This kind of inequality is not news, of course, but we need to be regularly reminded of it. The great chronicler of inequality in our time is the French economist, Thomas Piketty. The author of several tomes, Piketty’s works are not for the weak of wrist: Capital in the Twenty-First Century (2013) clocks in at 816 pages, while its follow up, Capital & Ideology (2020), breaches 1,000. Heavily graphed and annotated, reading them from front to back is a labor in itself. Volume aside, Piketty’s books are massively popular and widely praised, though one suspects, as with all big and difficult books, that most people have not read them in full, and much of their praise comes in under the pressure of consensus. Fortunately, Piketty’s new book is mercifully brief. Indeed, A Brief History of Equality (at less than 300 pages) is a nice distillation of the “rockstar” economist’s ideas and a good entry point for the uninitiated.

Piketty’s research sits at the intersection of history and social science, and his great contribution has been to show that tax records are as important to understanding and learning from history as anything else. In tracking the distribution of wealth since the beginning of the modern era, Piketty’s thesis is elegantly intelligible and empirically obvious: if return on capital consistently outpaces growth, it will invariably lead to a concentration of wealth, thereby producing inequality. The stress here is on inequality of opportunity, as Piketty’s argument for a more robust welfare state is more a matter of degree. He is careful to remind us that a measure of inequality between social groups can be productive, and that there is no universal formula for eliminating it. But he also points out that an unequal concentration of wealth is bad for growth and corrosive to democracy, precisely because it limits social mobility and prevents people from accessing key institutions.

This argument is not new. Aristotle made the same case in his Politics, positing that since all systems bend towards the concentration of power, and power tends to concentrate in the hands of those that have wealth, the interests of the governing will naturally diverge from those of the governed unless some correction takes place. The point at which this divergence becomes unmanageable, a decision has to be made—either reduce democracy, or increase people’s access to institutions. In defense of the latter, Aristotle proposed that property be distributed more widely among the middle class, allowing it to participate more fully in the democratic process and aligning its interests with that of the ruling class. Thus we see, in fourth century Athens, the conception of the first welfare state, and the reasoning behind it remains at the heart of progressivist politics to this day: a large and prosperous middle class encourages mobility, strengthens democracy, restrains oligarchy, and stabilizes society.
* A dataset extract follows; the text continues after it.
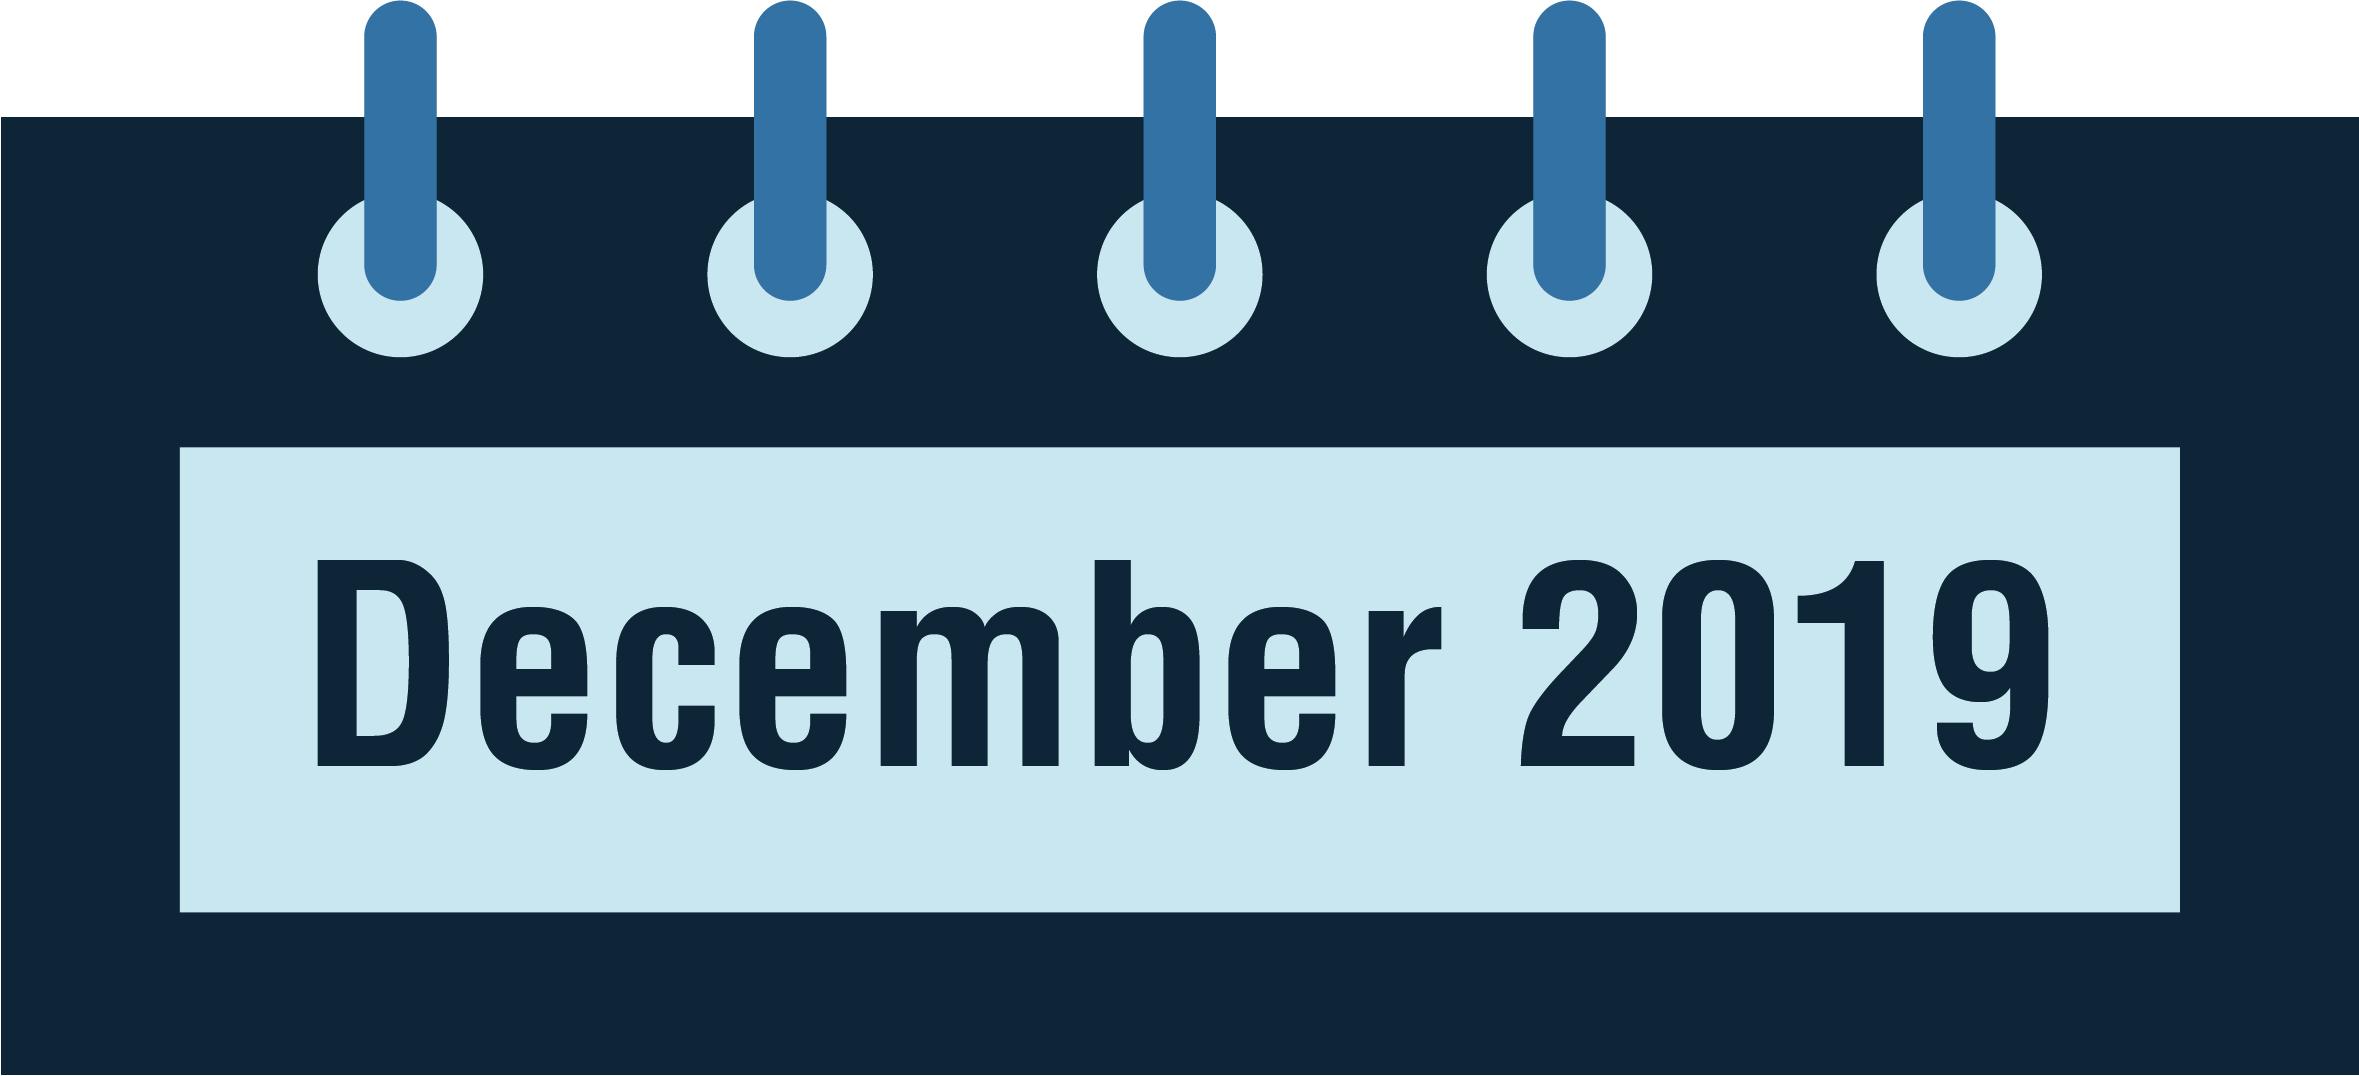 NeuroCheck History - December 2019 (Image © NeuroCheck)

Piketty points out that “Property is a historically situated notion,” largely dependent on “the way each society defines legitimate forms of ownership,” which has shifted over time. Rousseau, who argued that people are truly equal only in the state of nature, identified the hoarding of property as one of the origins of inequality: “The first man who, having enclosed a piece of land, thought of saying ‘This is mine’ and found people simple enough to believe him, was the true founder of civil society.” Marx could only imagine the abolition of property as the way to social equality, but Piketty falls within the tradition of Thomas Paine and Henry George who called for the taxation of property as a means of redistributing wealth.

Piketty echoes Paine specifically in the concept of “inheritance for all,” an idea that Paine advanced during the French Revolution in the form of a land tax. This could be used to finance social security not just for those at the end of their life, but for those at the beginning as well. This universal inheritance, which Piketty argues could be financed by a global wealth tax, would be accessible to everyone upon reaching the age of maturity. The goal is not simply to punish the rich for the comfort of the poor (a common mischaracterization of Piketty’s ideas), but to enhance the social mobility of young people by increasing their buying and bargaining power (impossible in a condition of insecurity), instead of saddling them with student debt equivalent to a mortgage before they reach the age of 25.
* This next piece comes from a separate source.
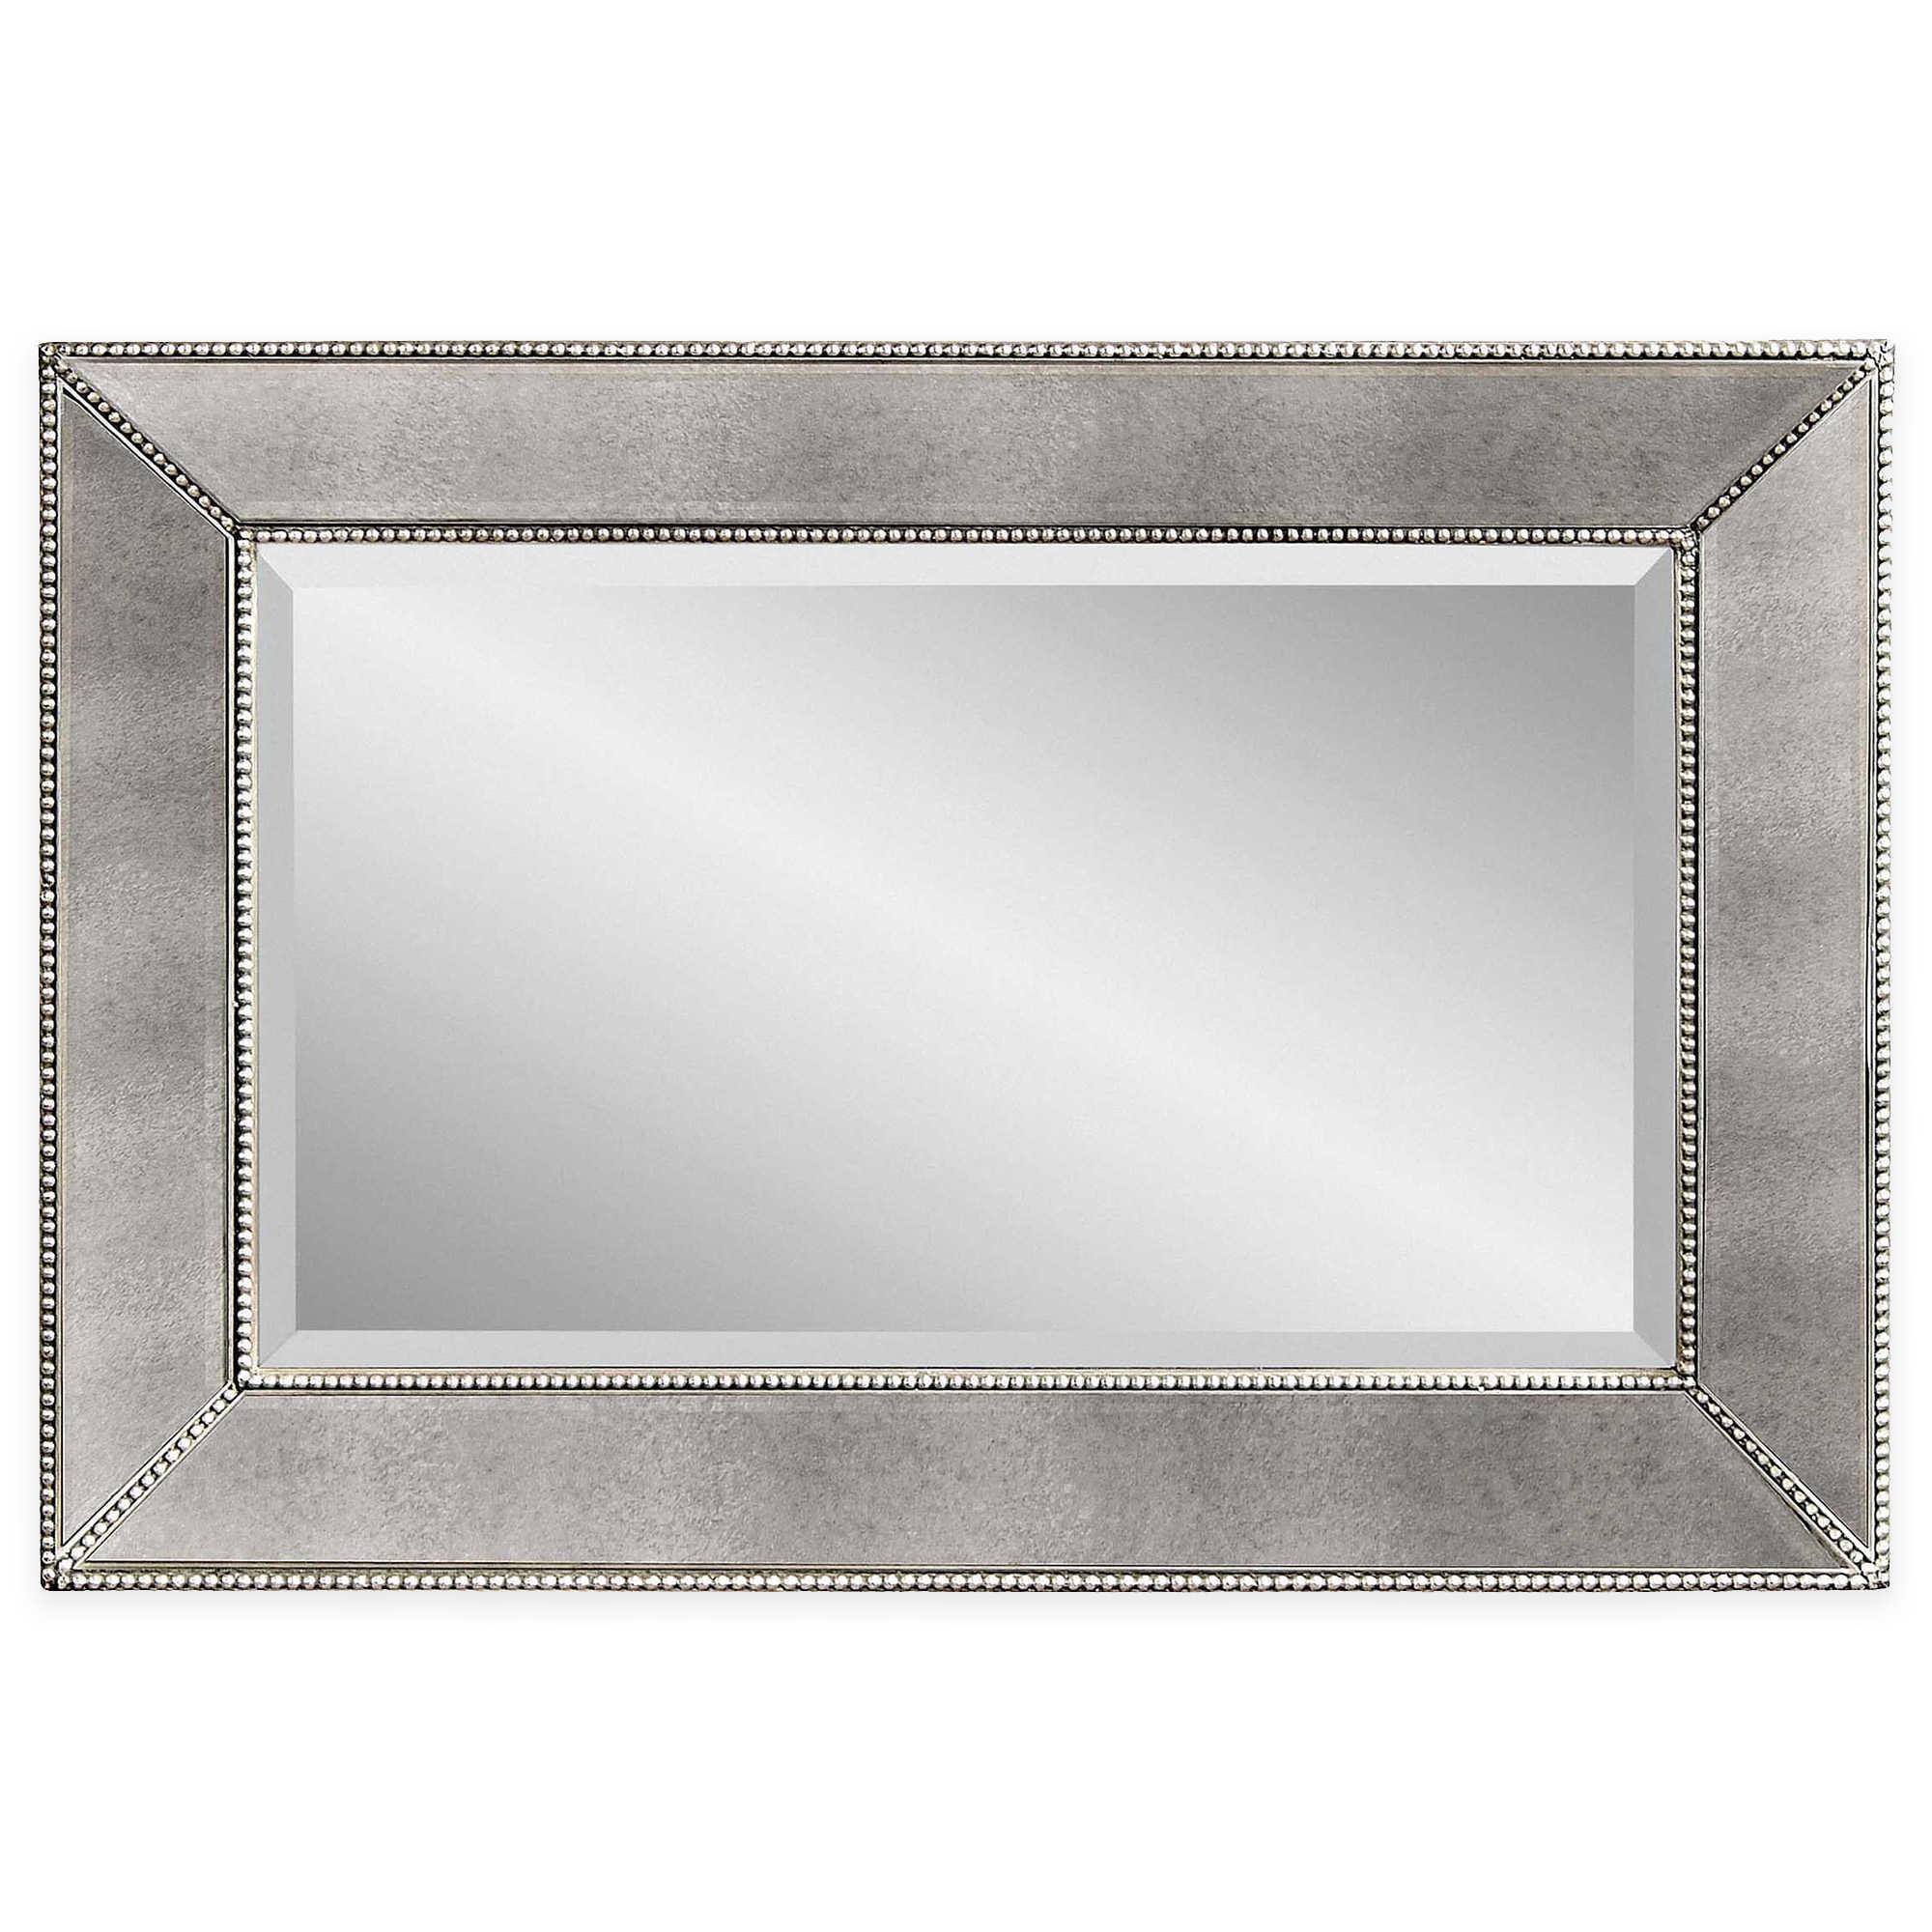 antique silver mirror images

The tradition into which Piketty-economics fits goes by various names, but Piketty calls it “Participatory Socialism”—participatory precisely because it eschews the movement towards the bureaucracy and centralization that characterized Soviet-style socialism. It focuses on giving people greater access to institutions, with the goal of “allow[ing] all citizens to participate more fully in social and economic life.”

One participatory reform would be adopting a co-determinate structure for businesses, like the so-called Mitbestimmung model in Germany, where as many as one-third to half of the seats on boards of directors are given to worker representatives. This approach, Piketty reminds us, has certainly not weakened the productivity of the German economy since it was introduced nearly a century ago. In addition to being a more democratic compromise between management and workers, it would constitute a legitimate investment in the company by employees (who are already investors by virtue of their employment), and would give them a greater stake in its prosperity, while also increasing the transparency of bookkeeping.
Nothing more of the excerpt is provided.